3)  The fear of scarcity

Often times, a presenter contract precludes an artist from accepting any other nearby performance.  This makes sense using traditional “dilution of the market” thinking.  If a presenter assumes that the same 100 people are on every arts mailing list in town and they want those 100 people in their theatre, rather than someone else’s.  In a sense, however, it’s scarcity thinking that has gotten us into our current environmental mess.  If you’re the oil supplier (the artist) you want to market to as many distributors (theatres) as possible.  If you’re the distributor, you want to limit the number of distributors with whom you’re in competition for the buyer at the gas pump (audience member).  And in a culture where press is purchased (via a publicist or “professional” materials) rather than prompted by the public, this equation becomes all the more compelling.  For some presenters, cooperation is mission-driven.  This can seem like extra work, but even if that’s not a barrier some find it hard to do so because of this model – and because this scenario is further complicated by the failure of “the public” to support the arts. Unless the art is popular music – and even then – it’s difficult for artists to make a living from ticket sales and nearly impossible to keep a venue open if creative work is the only thing for sale.

Perhaps I’ve been befuddled by this scarcity model because my work enjoys a few different audiences which don’t always overlap. This may be true for others too. What if the artist were a tool for growing the audience?  For example, with literary and spoken word audiences, my work is poetry and literary story-telling.  For theatre audiences, it’s solo performance art.  For colleges and universities it’s engaging “lecture” on sociological themes.  And for participatory arts groups, I offer empowering workshop and coursework.  My best visits to a city involve multiple appearances in which the different audiences of these events can come together in venues they don’t normally patronize. It’s been true that the final few engagements in a city benefit most from this “audience-building” but in a sense, all of the presenters benefit from the greater exposure, even if it wasn’t for my show.   (Incidentally, this potential is often devalued and underutilized by presenters.  Having multiple identities, multiple specialties is seen as a failure to “brand” oneself.  And this goes counter to the norms of professional identity outlined above!)

Scarcity thinking is frightening on a number of levels.  Presenters compete with one another for funding and artists often guard their contacts and strategies from other artists.  I started offering something called “Minding the Artists’ Business” as an add-on workshop when I’m mentoring other artists and I’ve been surprised at how grateful the newbies are and how shocked some of my peers have been that I would “give away” my resources that way.  Whenever we isolate ourselves and our talents, we all lose – and so does the environment.  Just as we’re going to have to give up some of the personal space of driving alone in a private car, we’re also going to have to get to know one another a little better artistically and professionally if we’re all going to thrive.
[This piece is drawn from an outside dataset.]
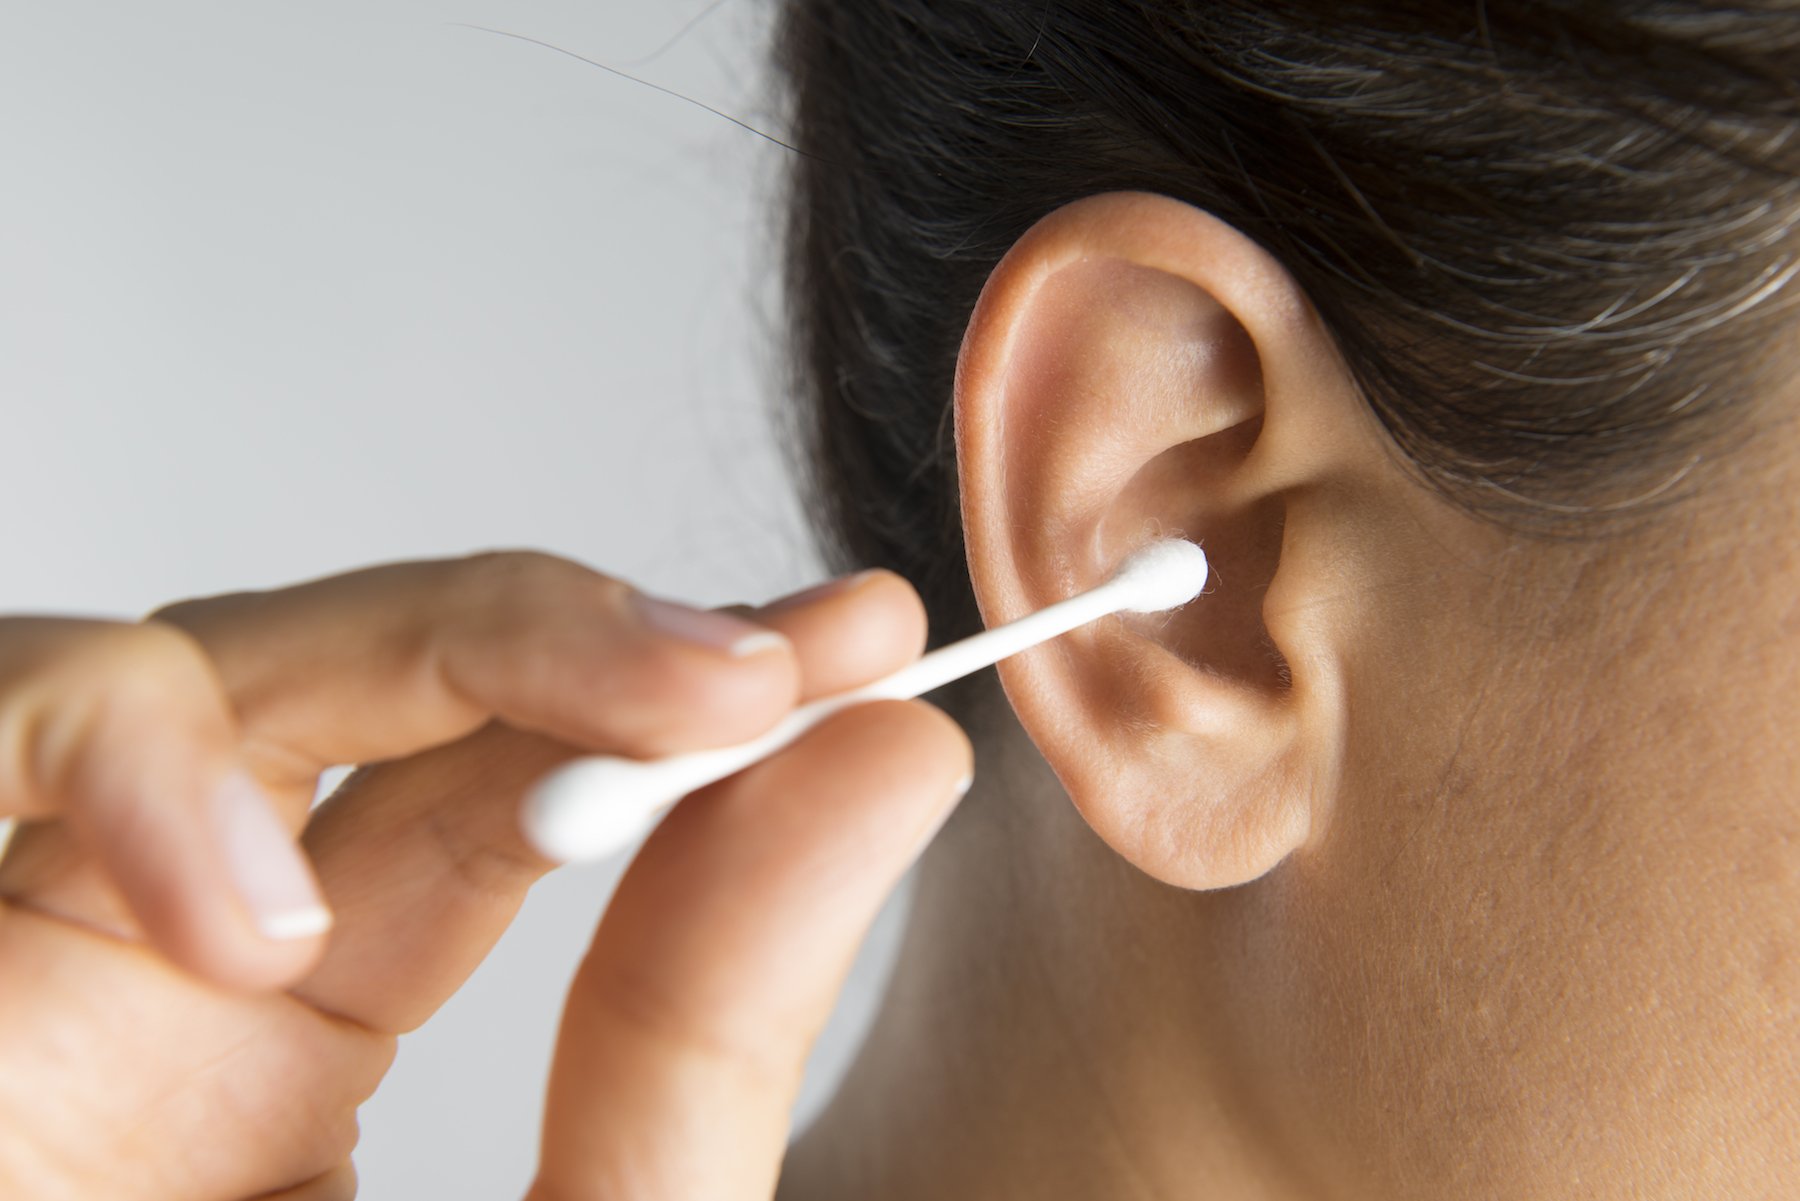 How To Take Care Of Your Ears
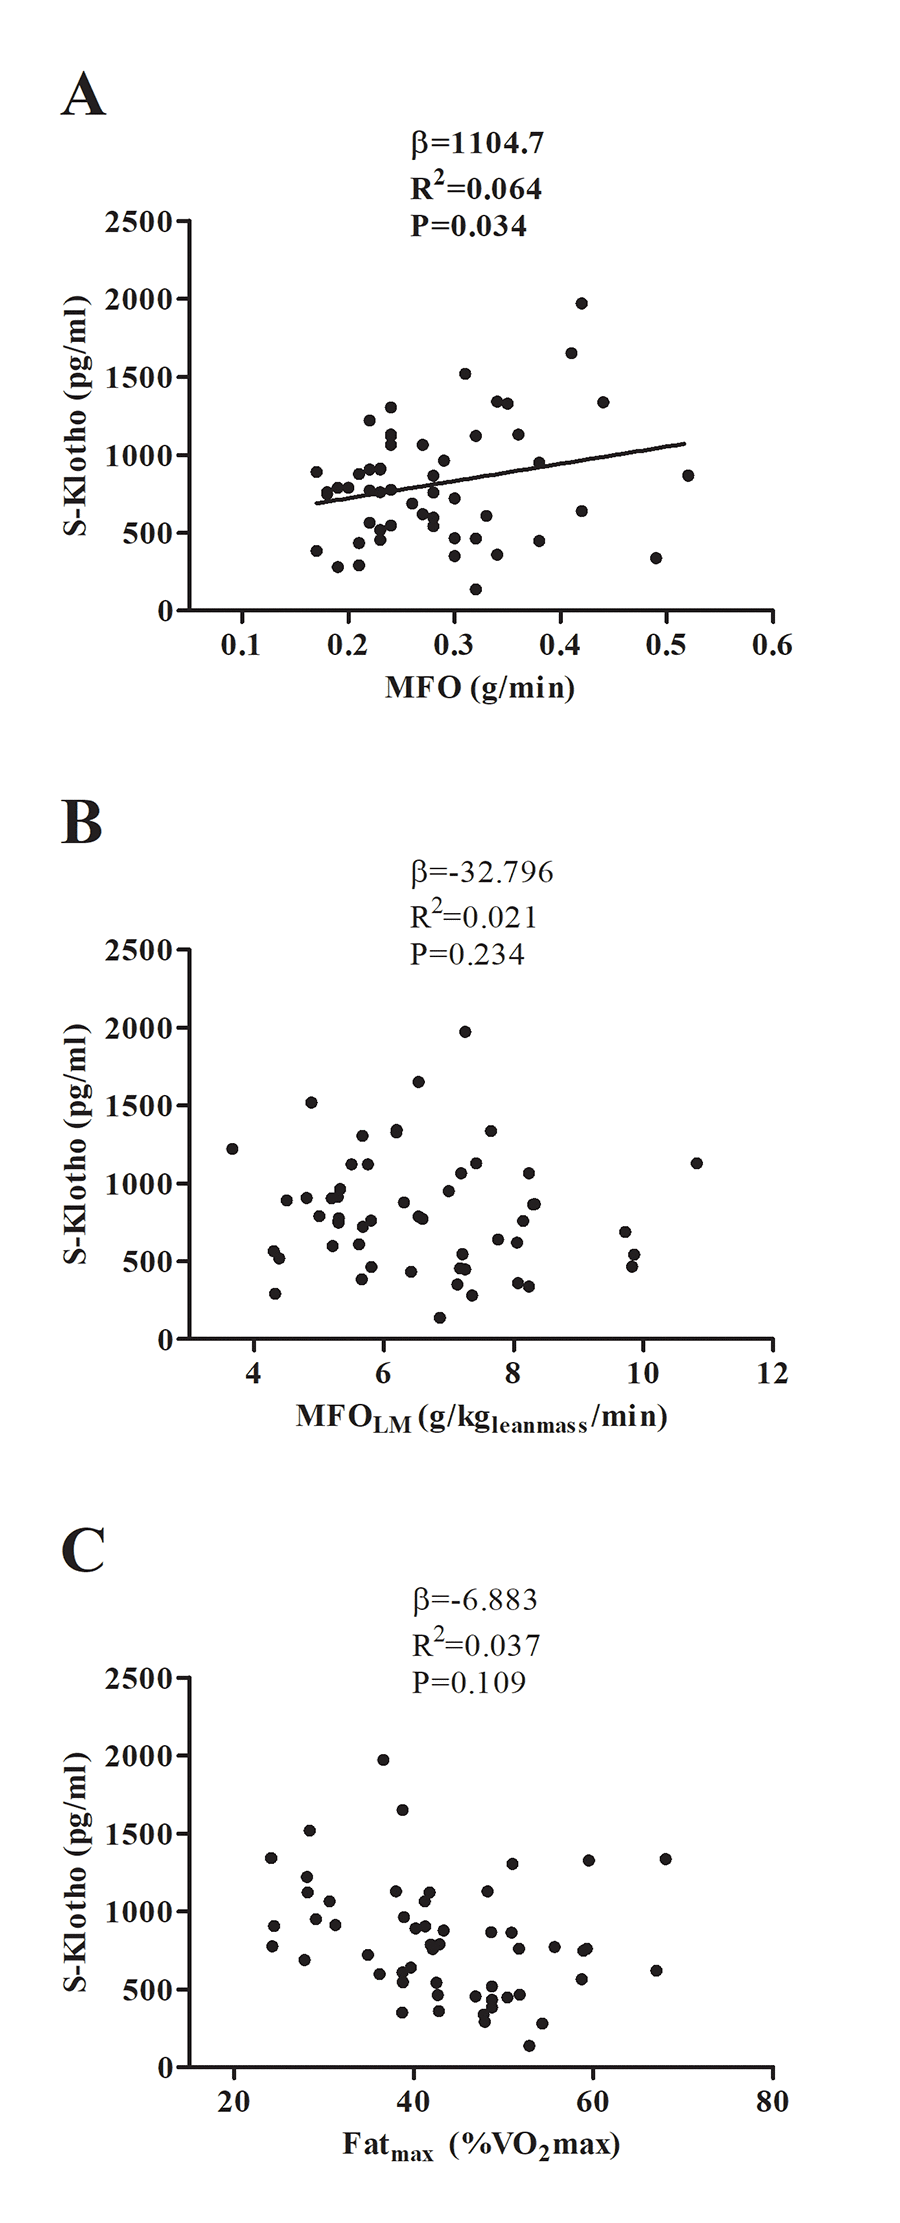 Association between maximal fat oxidation (MFO) (A, B), and the intensity of exercise that elicits MFO (Fatmax) (C) with plasma S-klotho. β (unstandardized regression coefficient), R2 and P are from simple linear regression analysis. Abbreviations: MFO; Maximal Fat Oxidation, MFOLM; Maximal Fat Oxidation relative to lean mass, Fatmax; Intensity of exercise that elicits MFO, VO2max; Maximal Oxygen Uptake.

Audiences for live performance need to grow – and they can – if we figure out how to work together and reduce our environmental impact.  Stop making the arts into “an industry” with professionalized roles that are so rigid we can’t respond well to change, and start seeing the appreciation of creativity as our birthright.  By focusing on creating greener theatre touring practices, we may well solve a variety of other problems too – and invigorate the American arts audience.  However, we can’t do that if we hold onto our rigid identities as presenters, consumers, artists, funders, scholars and audiences.  I’m excited to be in the conversation at this point in time.  Let me know if you’d like to keep talking about it.